Scientific classification
- Kingdom: Plantae
- Clade: Tracheophytes
- Clade: Angiosperms
- Clade: Eudicots
- Clade: Asterids
- Order: Lamiales
- Family: Orobanchaceae
- Genus: Pedicularis
- Species: P. groenlandica
- Binomial name: Pedicularis groenlandica Retz.
- Synonyms: Elephantella groenlandica (Retz.) Rydb. ; Elephantella groenlandica var. surrecta (Benth.) Moldenke ; Pedicularis groenlandica f. chlorina Stanif., P.F.Maycock & J.Svoboda ; Pedicularis groenlandica f. gracilis Lepage ; Pedicularis groenlandica f. pallida Lepage ; Pedicularis groenlandica var. surrecta (Benth.) A.Gray ; Pedicularis groenlandica subsp. surrecta (Benth.) Penn. ; Pedicularis surrecta Benth. ;

= Pedicularis groenlandica =

- Genus: Pedicularis
- Species: groenlandica
- Authority: Retz.
- Conservation status: LC

North American species of flowering plant

Pedicularis groenlandica is a showy flowering plant in the family Orobanchaceae commonly known as elephant's head, little pink elephant, elephantella, or similar common names inspired by the resemblance of the flower to the head of an elephant. It is also less commonly known as butterfly tongue for the long beak on the flower. Like many other plants in genus Pedicularis, it is a parasitic plant and depends on host plants to survive.

==Description==
Pedicularis groenlandica is an erect plant that can grow to a height of 60 cm, but may be only 10 cm tall.
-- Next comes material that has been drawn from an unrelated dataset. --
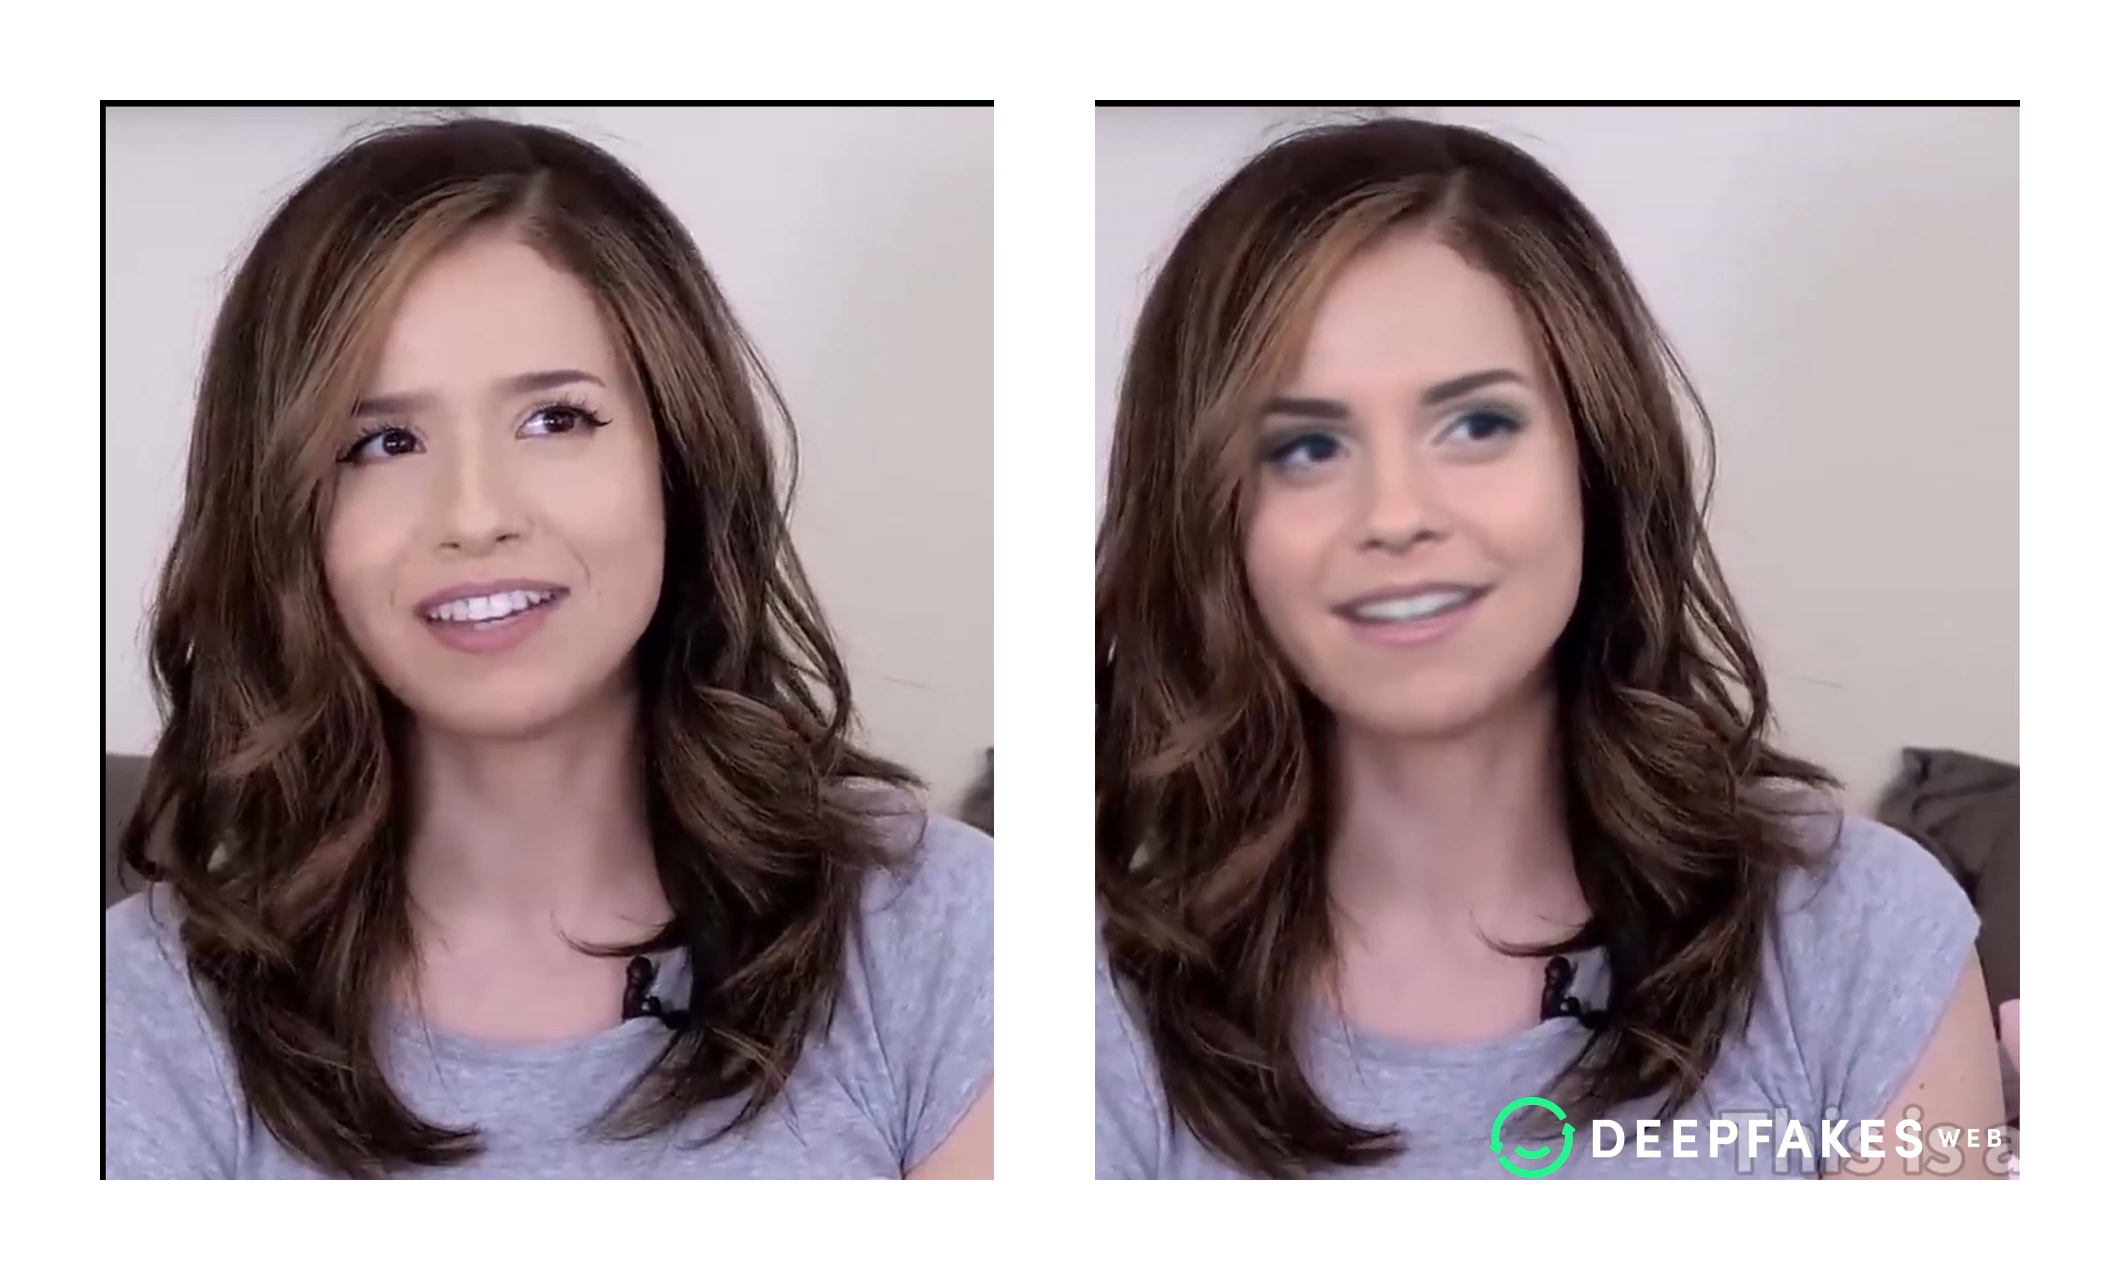 How to Make an Emma Watson Deepfake

It generally has 5–20 larger leaves that sprout directly from the base of the plant (basal leaves). The leaves are narrow in outline with the widest part in the middle (blade lanceolate). The leaves have a pointed tip and are 20–150 millimeters long and 5–250 millimeters wide. They strongly resemble fern leaves being divided to the leaf central leaf vein, and sometimes the leaf segments being slightly divided again (1-pinnatifid or slightly 2-pinnatifid), with the leaf edges toothed or double toothed (serrate or doubly serrate). The surfaces of the leaves are smooth (glabrous). When the leaves first emerge in the spring they are distinctly red in color, but with lengthening days an increasing amount of green chlorophyll begins to mask most of the red pigments.

In addition to the basal leaves, Pedicularis groenlandica will have between 3 and 31 leaves attached the flowering stem (cauline leaves). These will also have the same blade lanceolate shape, but may be much smaller ranging in size from 10 to 150 millimeters in length and much narrower at just 1–25 millimeters in width. They also have the same feathery or fern like shape with serrate edges to the leaflets.

===Flowers===
The stem is topped with a large inflorescence of bright pink to purple or white flowers. Pedicularis groenlandica may flower between June and September, with flowering beginning at lower altitudes. The inflorescence is unbranched and will grow indeterminately (a raceme) and is always taller than the basal leaves. The dense flowering spike will measure between 4 and 15 centimeters, in exceptional cases reaching as much as 25 centimeters. Each plant will have either one or two flowering stems and each will have between 20 and 70 flowers. The bracts vary in shape from being long and thin like a blade of grass (linear) to being shaped like the blade of a trowel (trullate) and are located under the stems that attach the flowers to the main stem of the raceme (the pedicels). Each bract is 5–10 millimeters long and 2–10 millimeters wide with a smooth surface (glabrous) like the leaves and can be undivided or divided into a pinnatifid shape like the leaves. They also have a full range of edges from smooth to being double toothed.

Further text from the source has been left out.